阎连科在获奖感言中动情地说道:“我渴望彻底退回到书房去,如同李浩哲在战争间的炮声中,守在山洞不停不息地写作样,让自己从太过荒谬、纷乱的世界中退出来,守住书房、笔墨与纸张,守住沉静、寂然和自省,背对世界,罕与人往,勿与人争论,不与人争强,唯一要与其争执、争吵的那个人,就是自己和自己——就是自己和笔墨与纸张,以此在人生渐弱的激情里,不为任何目的写出几本或仅为一册、半本的不知到底是什么、为什么、什么样的书,而在快步到来的晚年里,籍此平静地坐在沉静、寂然如天堂耳房般的书房内,微笑着等待死亡的到来,就如同在黑夜中微笑着等待黎明的到来样。”这不就是卡夫卡式的“地洞式生活”和“地洞式写作”吗?卡夫卡说:“我经常想,我最理想的生活方式是带着纸笔和一盏灯待在一个宽敞的闭门掩户的地窖最里面的一间里,饭由人送来,饭放在离我这间地窖很远的第一道门后。穿着睡衣,穿过地窖所有的房间去取饭,将是我唯一的散步……,那样我将写出什么样的作品啊!我将从什么样的深处把它挖掘出来啊!”卡夫卡最理想的生活方式不就是阎连科所渴望的生活方式吗?带着笔墨纸张,当然现在恐怕得带上一部电脑,一盏孤灯,坐在地洞式的书房里与世隔绝,那将能写出怎样的作品来啊!
作家对作家的敬意和尊崇,要么直截了当地承认,要么干脆一口否认。就一般作家而言,通常都属于后者,属于前者的并不多见,而卡夫卡无疑属于前者中的一位。作家的最重要特征就是他的独创性,越具有独创性的作家越少依傍、模仿、借鉴,他的独创的程度也就越高。彻底独创的作家完全无所依傍,甚至语言都不使用前人用过的,完全的“横空出世,天马行空”,那当然是不可能的。但是,鉴于作家们都十分自觉的强调独创性,因为在言及自己的创作受到什么影响之类,便总是小心翼翼,尽可能不说、少说,或顾左右而言他。但是,凡事均有例外,几乎所有作家在面对卡夫卡时,从来都是直接地高声喊出:自己是多么地爱卡夫卡。这种例外是有原因的,因为卡夫卡是一位真正伟大的作家,一位不可模仿或几乎不可模仿的作家。作为一个作家而受他的影响,不仅不会失分,而且还会加分。

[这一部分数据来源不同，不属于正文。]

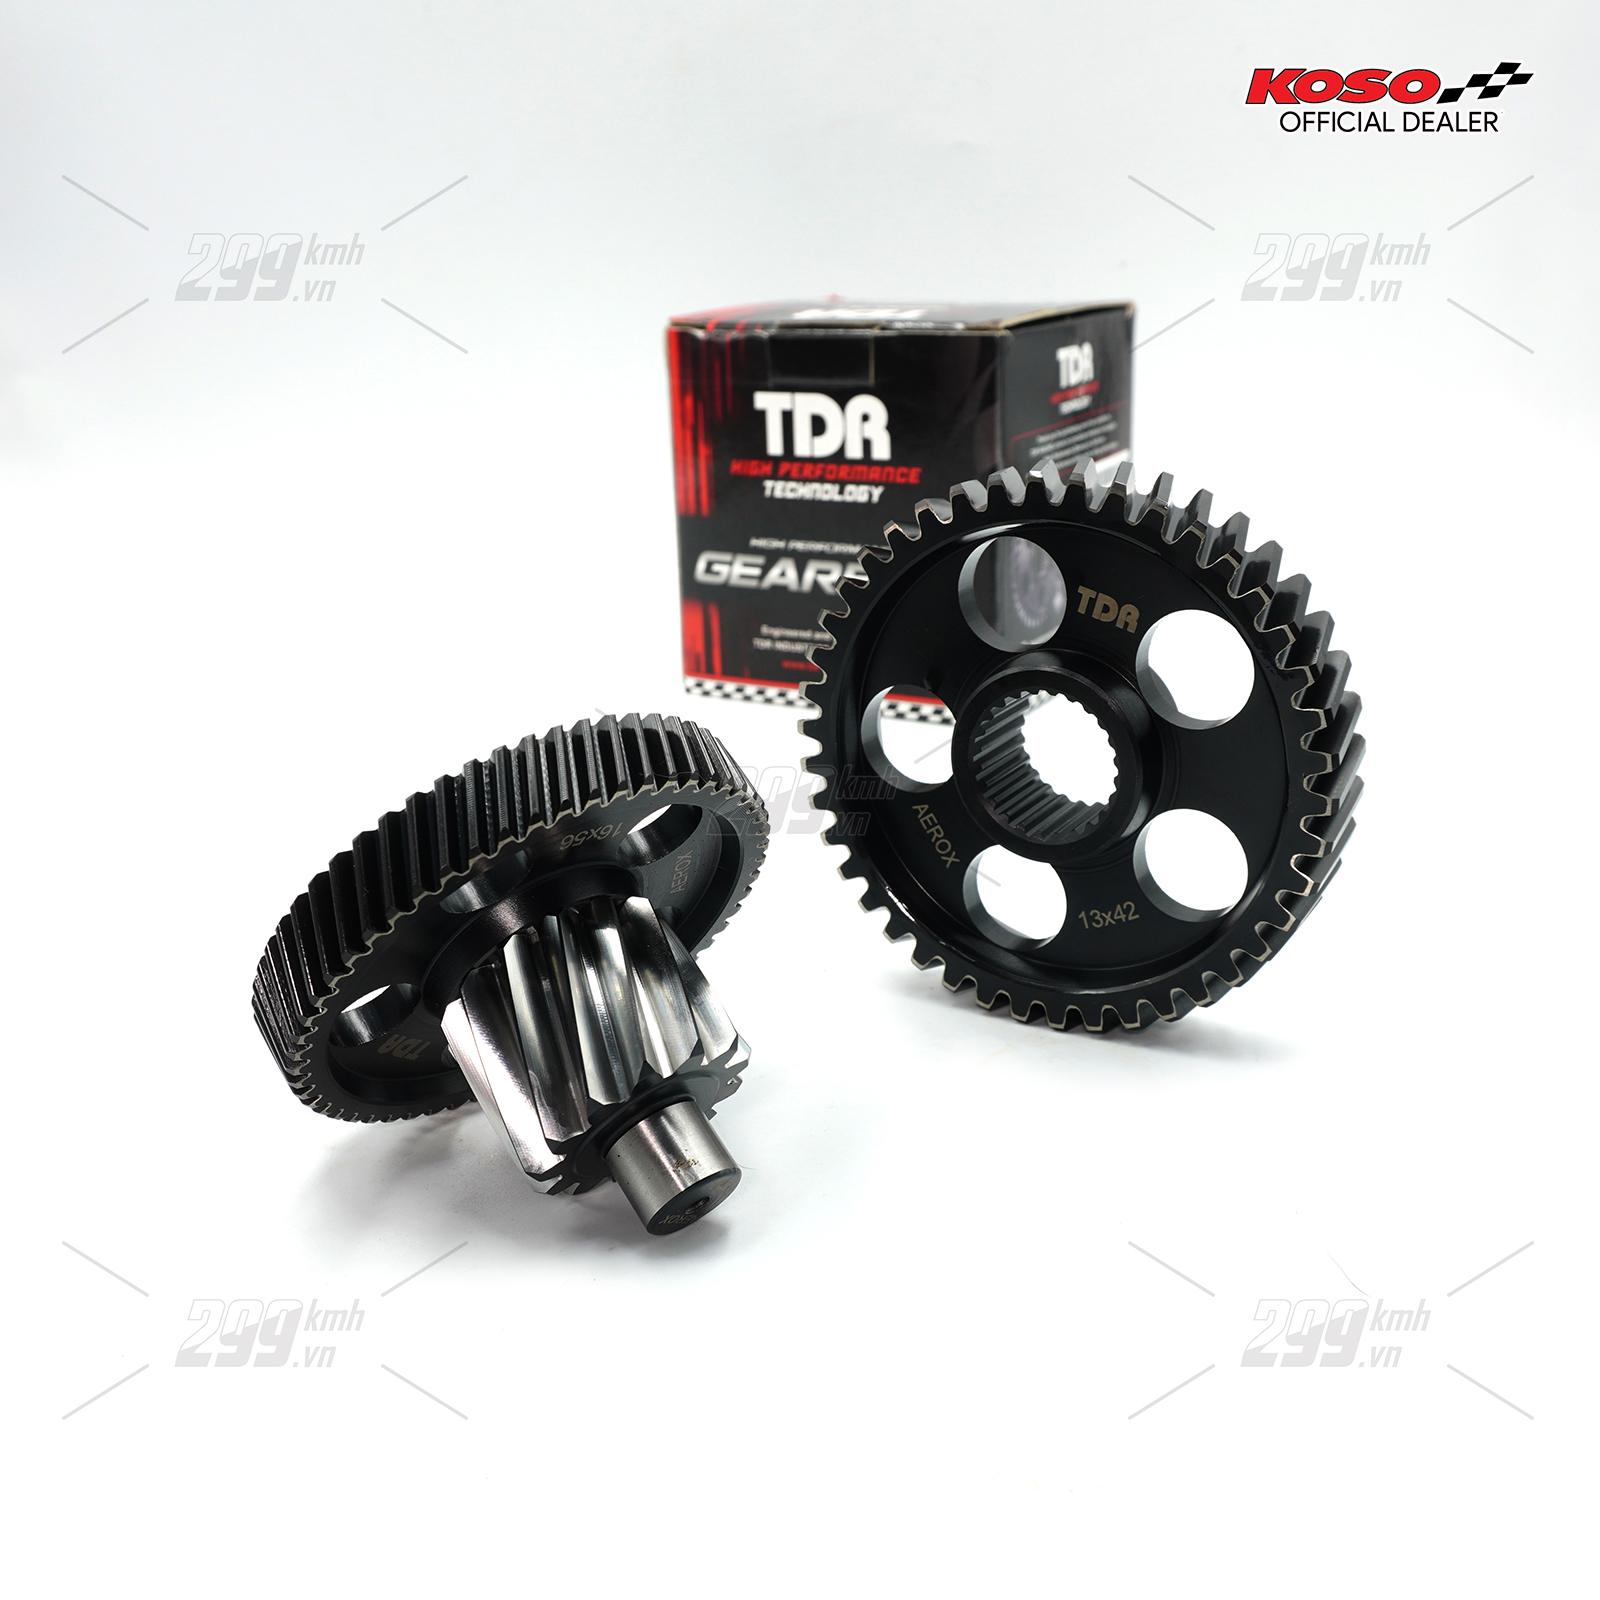 [NVX] Bộ nhông lap đấu TDR Racing cho Yamaha NVX
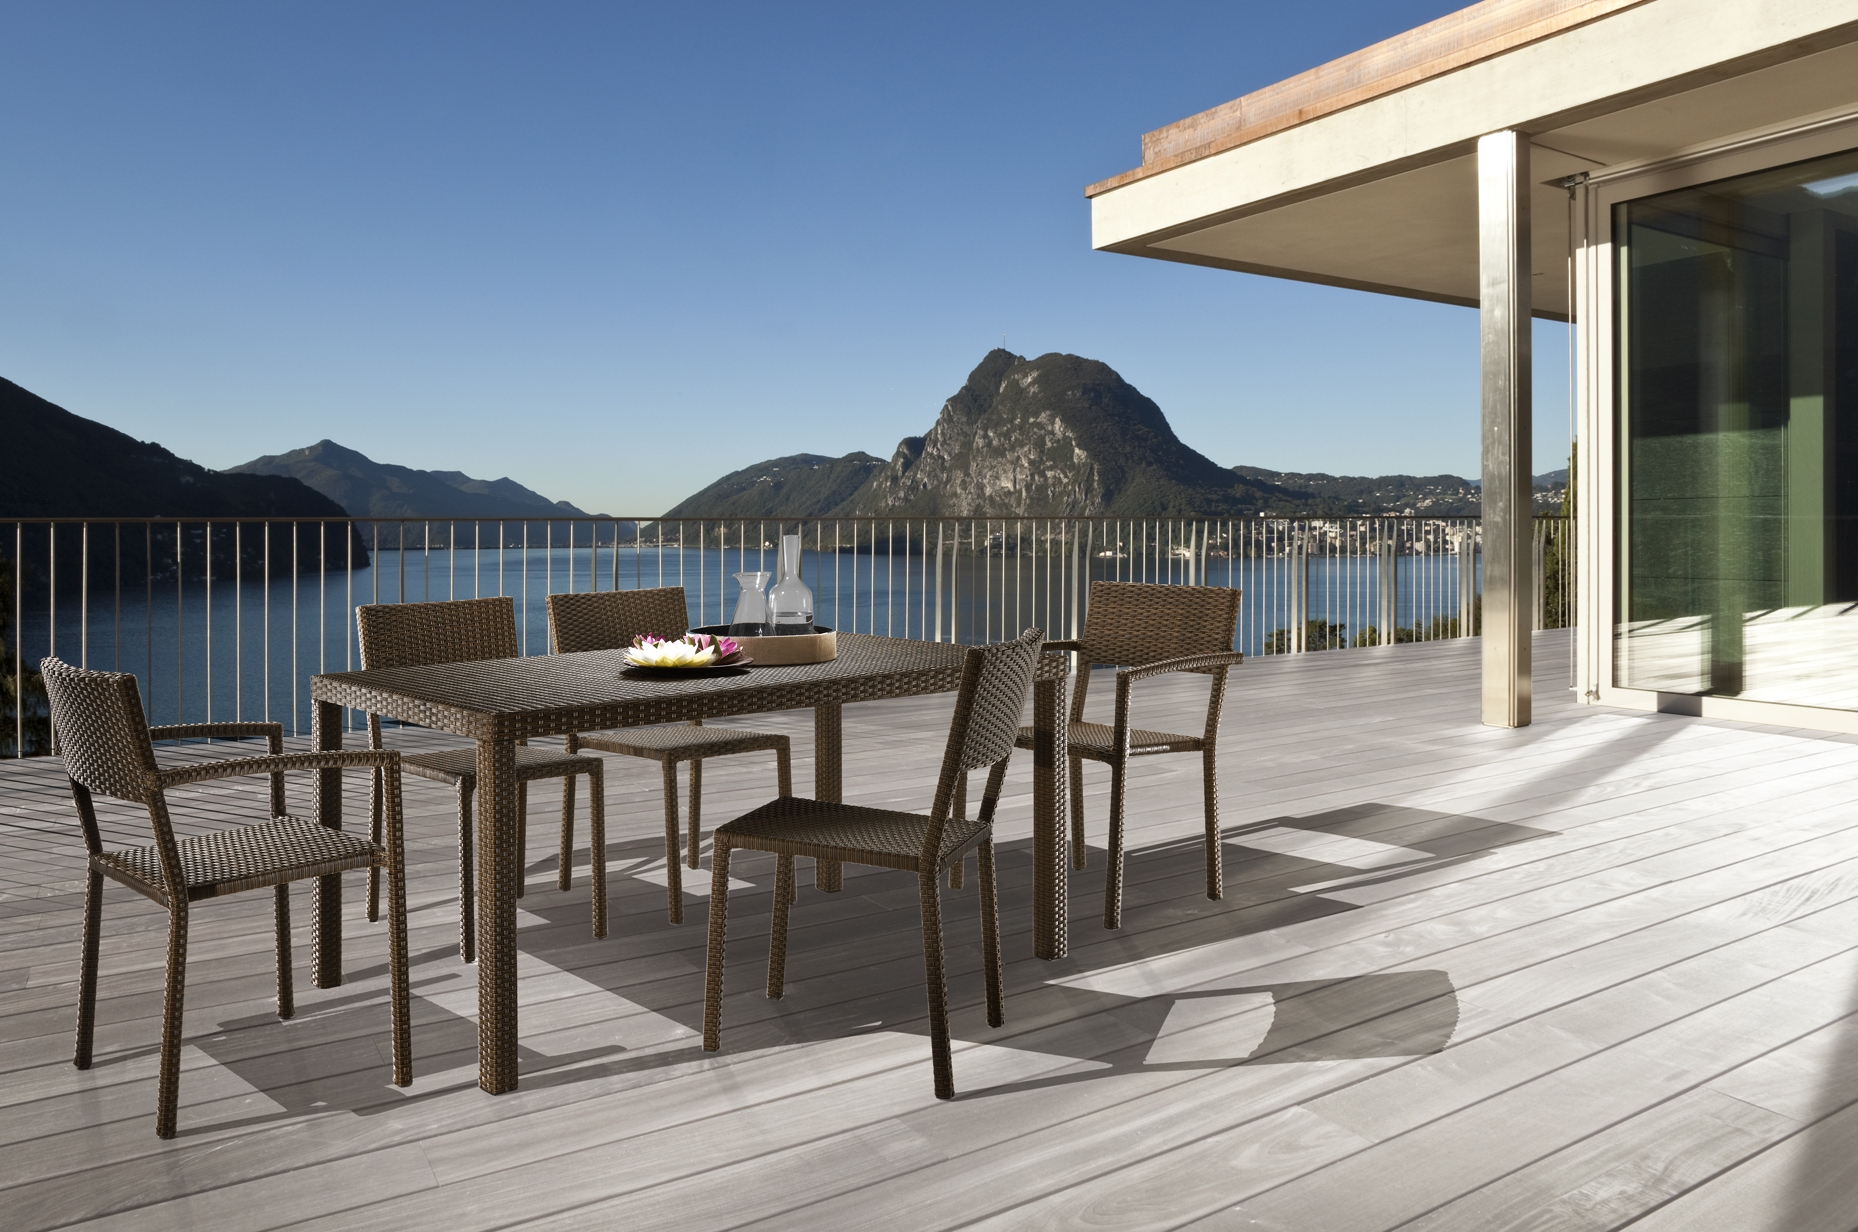 Outlet mobili da giardino torino idee creative e for Outlet casa

阎连科说:“他(她)喜欢他,就直接告诉他,就直接告诉读者喜欢或者甚喜欢,而只是不喜欢时,才说得谨小慎微、言轻语细,生怕被人听了去。加缪、贝克特、博尔赫斯、马尔克斯、纳博科夫、君特·格拉斯、安部公房等,他们从来都是直接高喊地说出自己对卡夫卡的爱,用最敬仰的文字,把他或他的作品写进自己的文字和作品中。或者索性,近乎就照着他的样子写作去,如日本作家安部公房一样。由此而言,当我们说出在卡夫卡身后这一串大作家对他由衷的喜爱时,我们已经不难理解卡夫卡对世界文学的影响了。”不仅如此,阎连科甚至说:“就连当今中国那些完全写实、落笔如皇帝批章般的正能量的‘现实主义’作家们,张口闭口,也都把卡夫卡挂在嘴边上,卡夫卡像是所有作家的亲戚般,他像是所有文学合法、正当并高尚的法律保障一样。”卡夫卡以他的思想和创作,还有他对于写作的精神追求和执着态度,以及他的人格魅力,活着本身就是一件艺术品,他不仅征服了那些现代主义作家,也征服了那些非现代主义作家。
20世纪的文学惯性一直延续着一种传统,这一传统是由卡夫卡开创的。“自21世纪之初直到现在,人们的写作都还在20世纪对现代性求新创造的惯性里。人们一直还没有明白,属于21世纪的文学是什么;或者说,属于21世纪——那种与20世纪完全不同的作品,也许被哪位神一般的天才已经写出来,只是同卡夫卡当年默默无闻时一样,正隐藏在哪个国家、哪种语言的背后,等待着人们去发现和挖掘。但是现在,人们还没有发现它,没有遇到它,没有等到它的到来。所以,几乎所有世界各国的文学,都不得不沿着20世纪文学的惯性去写作,不得不异口同声地回答,他所喜欢的作家是卡夫卡。”卡夫卡的创作年代主要在20世纪初,他天才地注意到了人类灵魂的深度和与生俱来的苦难。卡夫卡的作品完全背离了19世纪现实主义故事的因果关系,开创了独一无二的“零因果”创作方法。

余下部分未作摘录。